Binaliw: The need for clarity amid outrage
Cebu City Councilor Joel Garganera revealed in recent media interviews that the Department of Environment and Natural Resources (DENR) has allowed the limited reopening of the private landfill facility in Barangay Binaliw operated by Prime Integrated Waste Solutions, Inc. (PIWSI). This is the same facility where a massive trash slide occurred last January, killing 36 sanitation workers and injuring 18 others after heavy rain caused a mountain of garbage to collapse.
Garganera said Mayor Nestor Archival received DENR-7 communication on the limited reopening but did not provide the City Council with a copy. DENR-7 clarified that the partial lifting applies only to a designated interim cell, not to the entire landfill.
At first glance, this development is jarring. It almost sounds as if, while no one was looking, the facility was quietly allowed to resume operations, albeit on a limited basis, while the wounds from the January tragedy remain fresh.
But precisely because it is jarring, we should be careful not to react instinctively. A cautious response is to examine how the process actually works. What exactly was lifted? Who has the authority to issue the clearance? What safety assessments were made? And who has the duty to inform whom about any action concerning the facility?

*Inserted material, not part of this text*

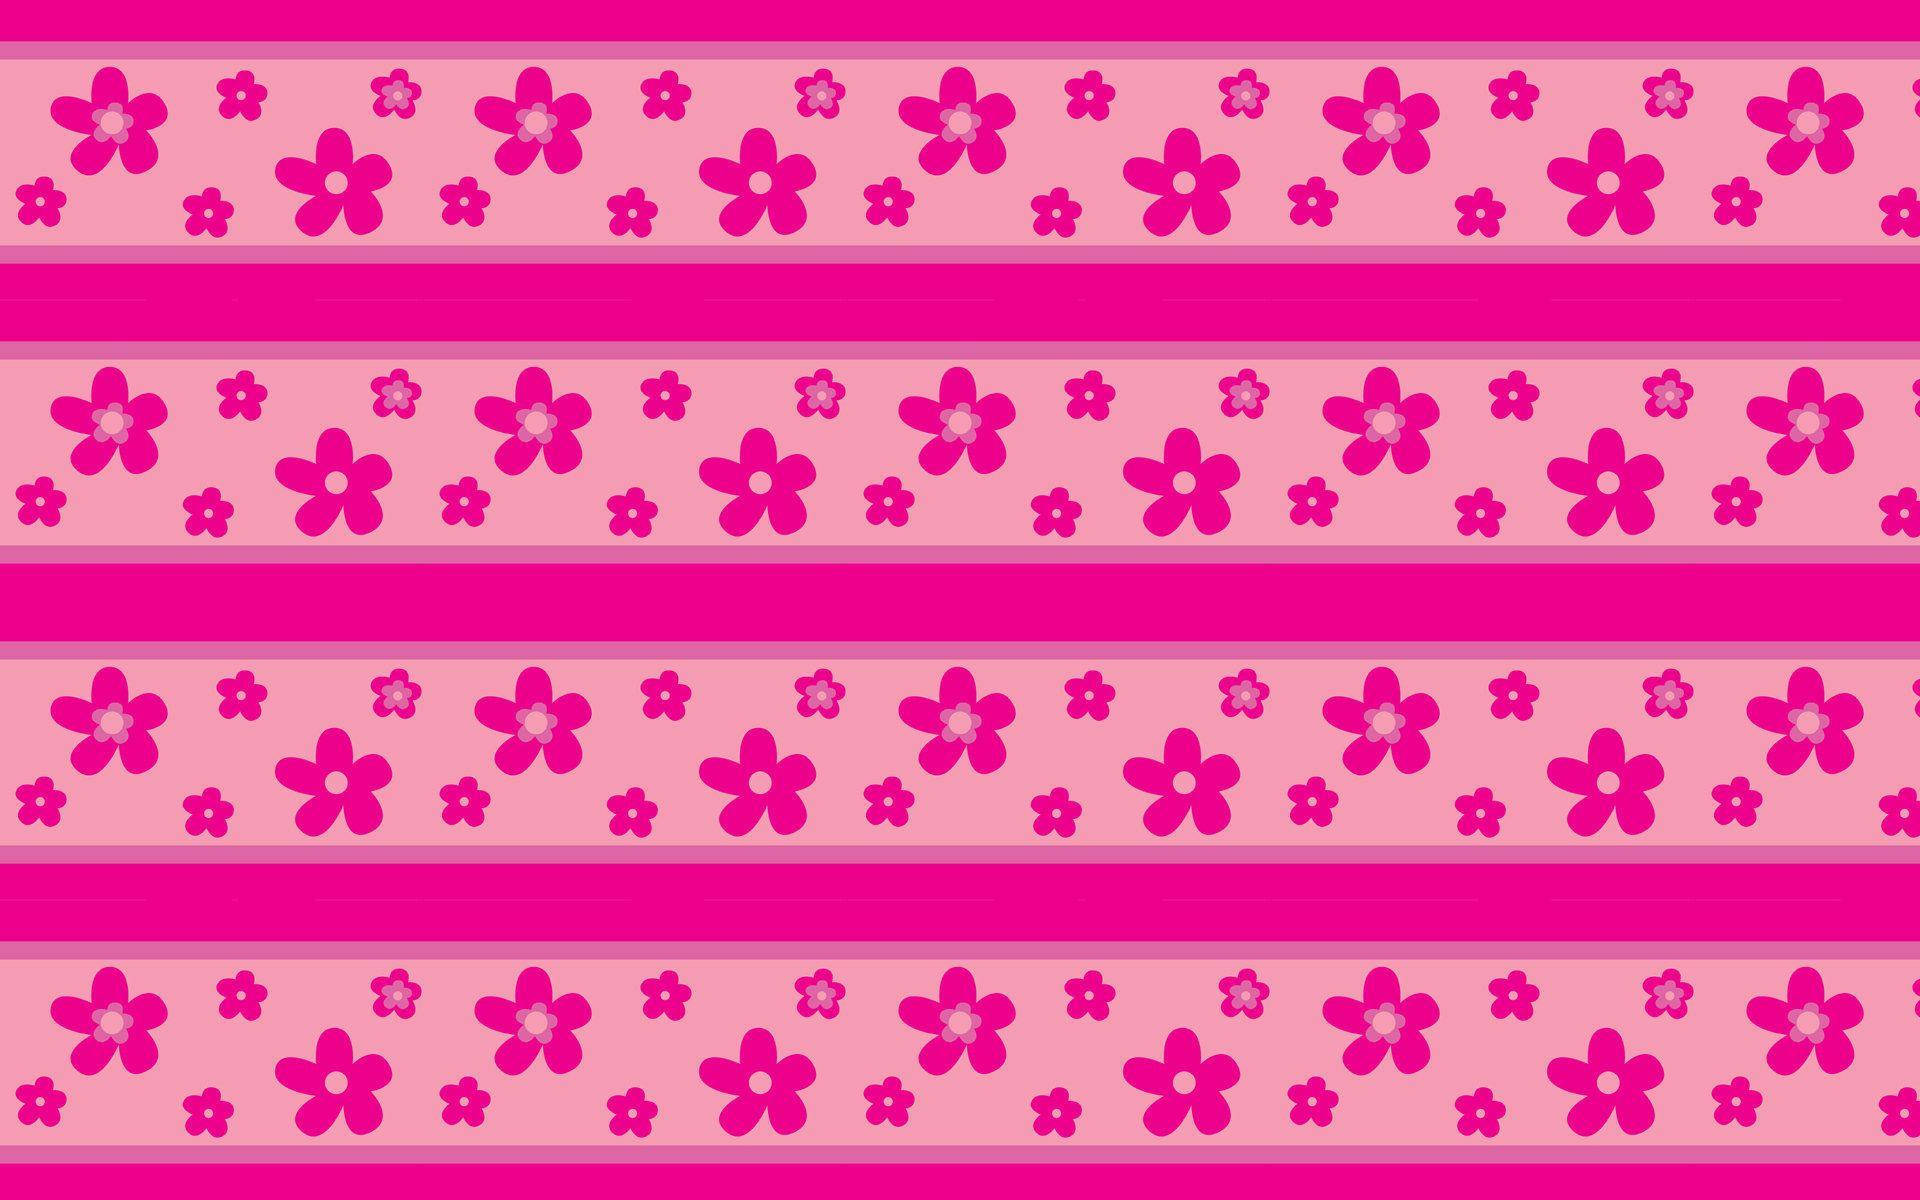 Vibrant Hot Pink Flower Amidst Lines Pattern Background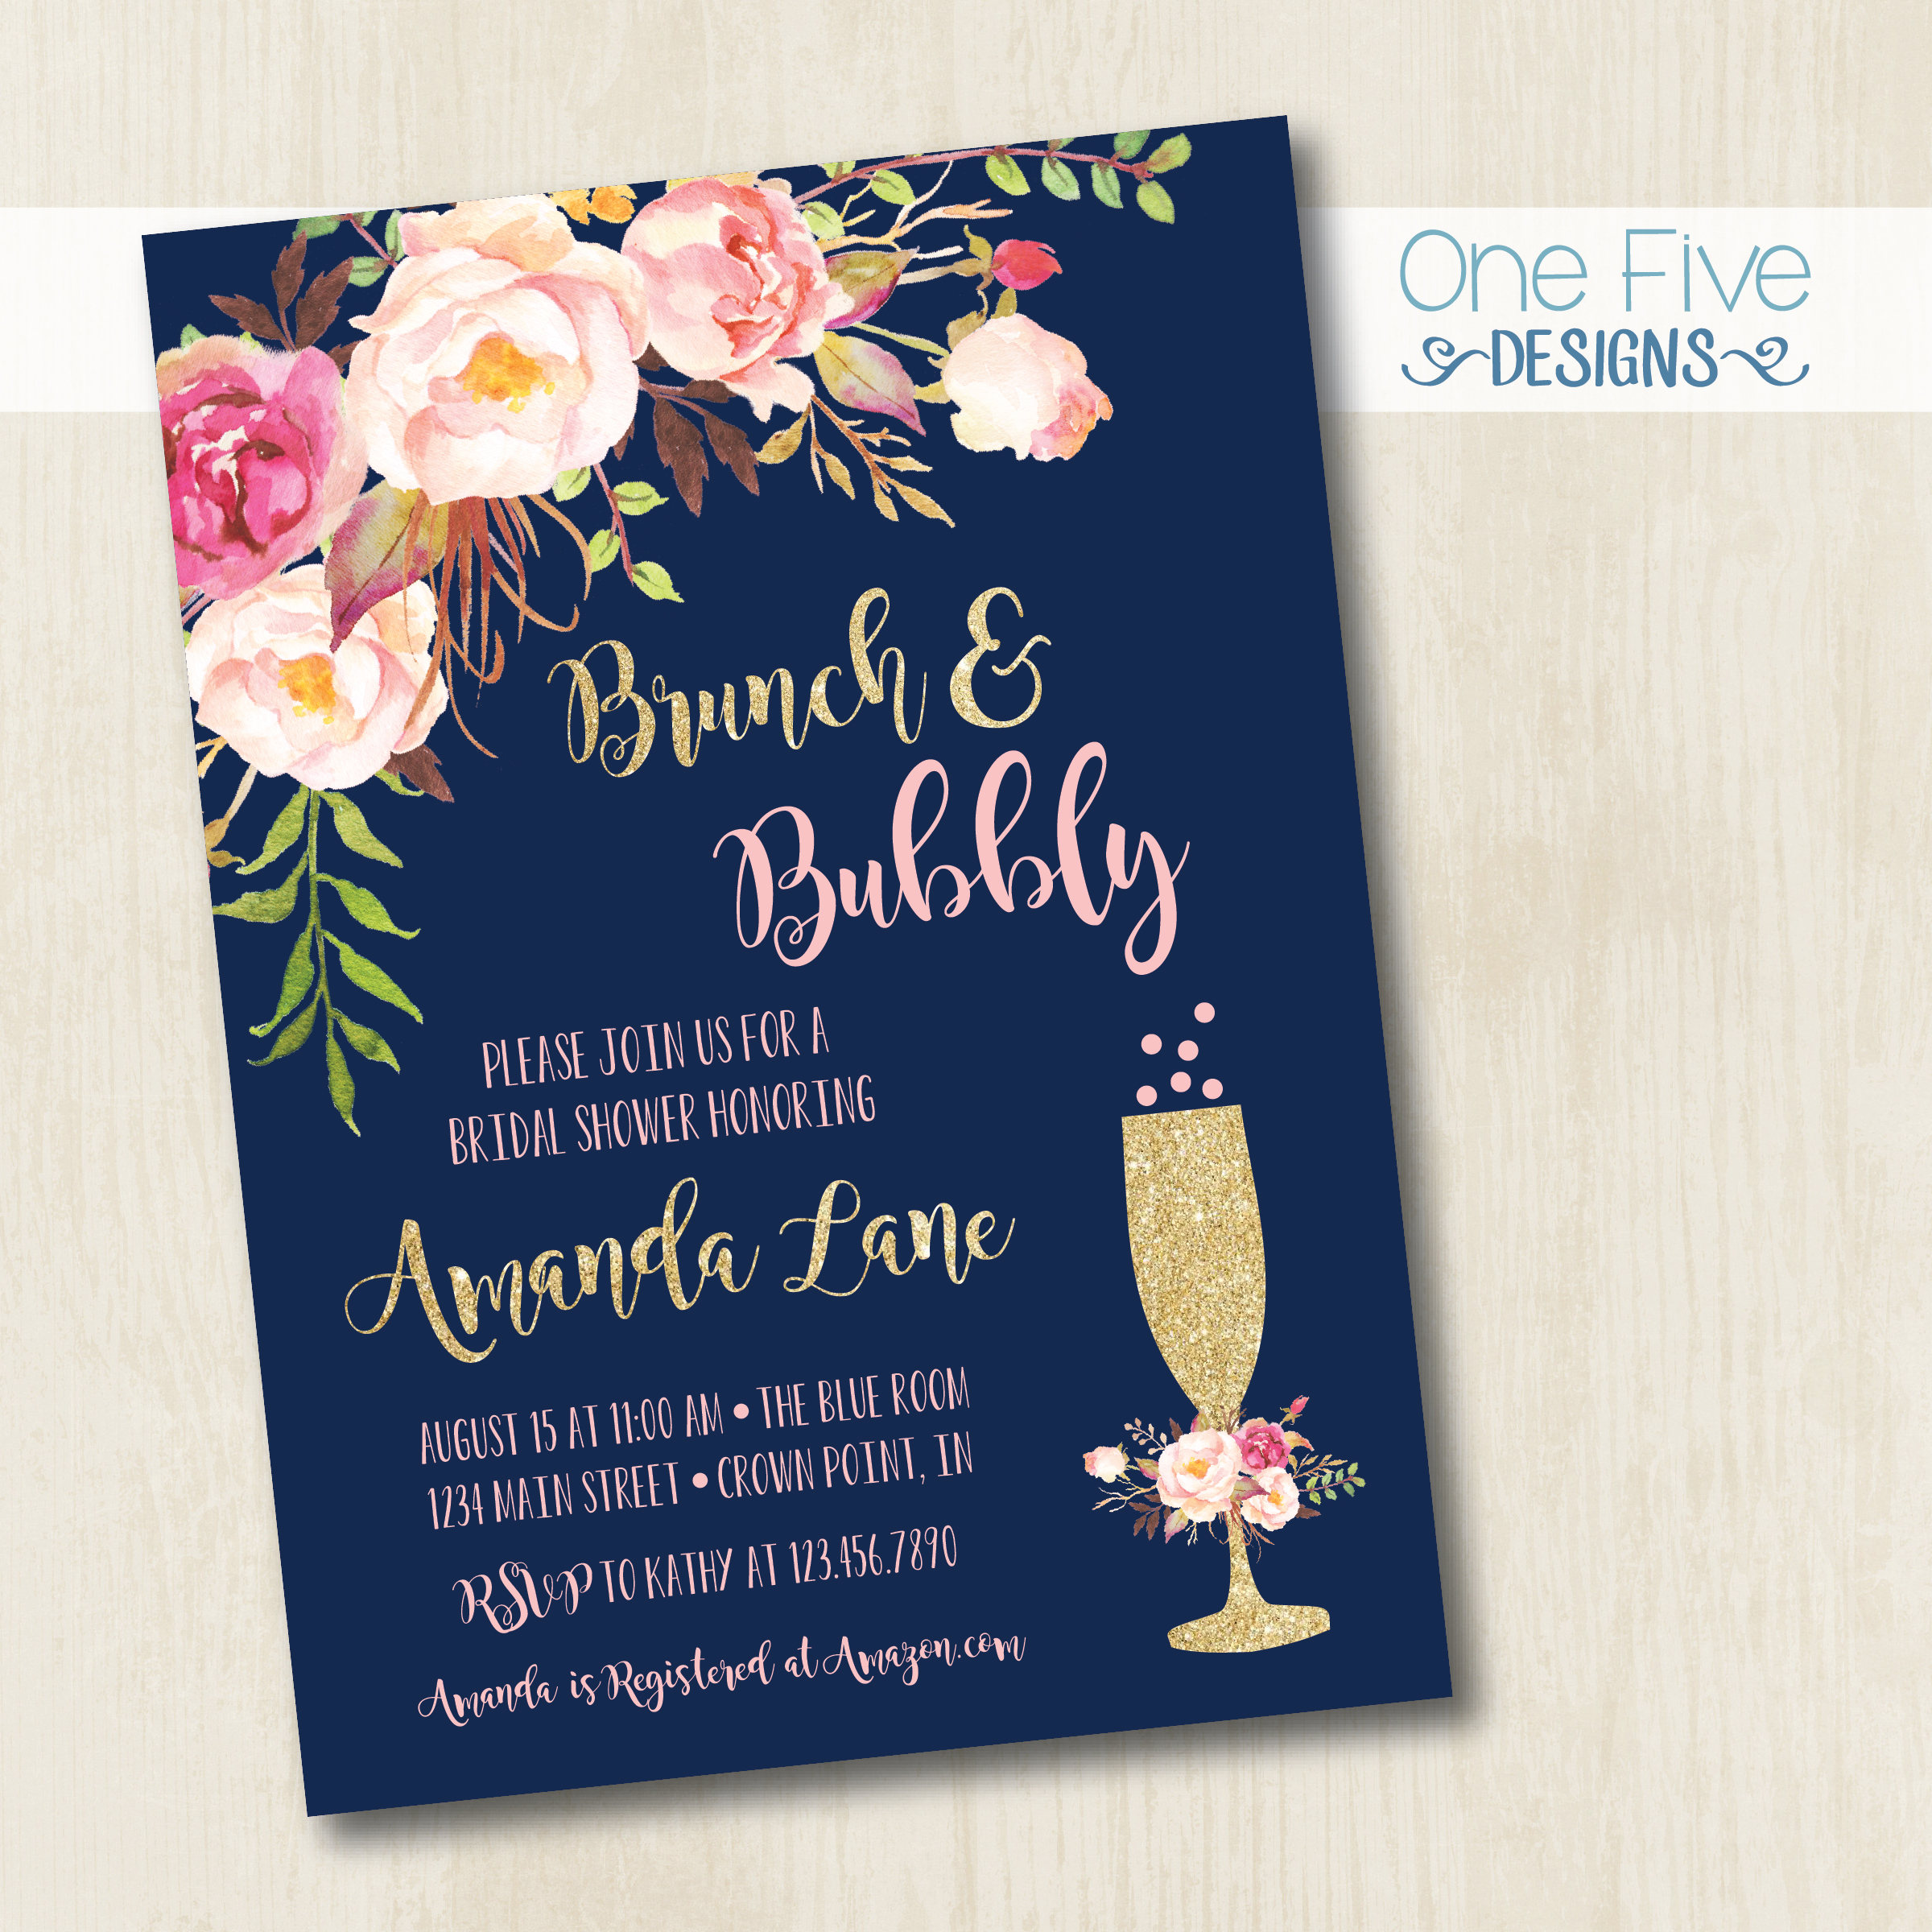 Brunch And Bubbly Bridal Shower Invitations 6

Under our laws, LGUs have a duty to implement or enforce solid waste law and protect public welfare. Meanwhile, environmental standards compliance monitoring are primarily within DENR’s regulatory domain. Thus, the scope and timing of release of any document are bound by DENR processes and disclosure policies.
But even if the DENR allowed a “limited reopening”, the city government can still act through its various offices to ensure proper solid waste management enforcement, pursuant to its general welfare duty to protect health and safety of its residents. The City Council, on the other hand, can investigate in aid of legislation. It may want to look into whether city waste disposal decisions were properly authorized, or whether the city’s own contingency plans, hauling contracts, and disaster risk reduction measures were adequate.
However, Garganera said the City Council could not properly assess safety, rehabilitation, traffic, and disaster-response concerns because it lacked the documents. Perhaps the City Council can adopt a resolution formally requesting the necessary documents from the DENR Environmental Management Bureau (EMB). Indeed, the people of Cebu City deserve to know the written basis for, and the conditions attached to, the “limited reopening” of the landfill, as well as the EMB findings and monitoring results relating to safety-critical compliance. A resolution would institutionalize the request as an act of the City Council, which generally carries more weight in inter-agency coordination.
And while waiting for the DENR to produce the documents, the council can require the city’s own officials to brief them about the city’s waste disposal arrangement with the facility (if any), safety protocols implemented after the tragic January incident, and DRRM measures, geohazard assessment steps, and contingency plans. This is in line with the LGU’s statutory duty to ensure local solid waste facilities comply with regulations.
The idea is to stay true to the policy of Republic Act No. 9003, or the Ecological Solid Waste Management Act of 2000, by promoting public participation and fostering cooperation among national agencies and local government units. The DENR, for example, has visitorial and enforcement powers to ensure compliance with RA 9003. The City Council can urge formal coordination with the DENR-EMB, but the mayor need not wait for such formal resolution. Given the public safety concerns involved, the mayor should act immediately and coordinate with the DENR-EMB for inspections, compliance verification, and monitoring of the facility.
At some point, complaining about who missed what, who failed to act, or who kept whom in the dark becomes pointless. The laws and policies are already there. They provide the guidelines and guardrails meant to prevent precisely this kind of confusion.
Blame, or the demand for accountability, has its place. Someone must answer for what happened last January, and someone must explain why the public should now be assured that it will not happen again. But it need not dictate the entire news cycle on the issue. The media also has the duty to clarify. If the public is left angry but not informed, the outrage eventually fades and nothing changes, as so often happens in this country.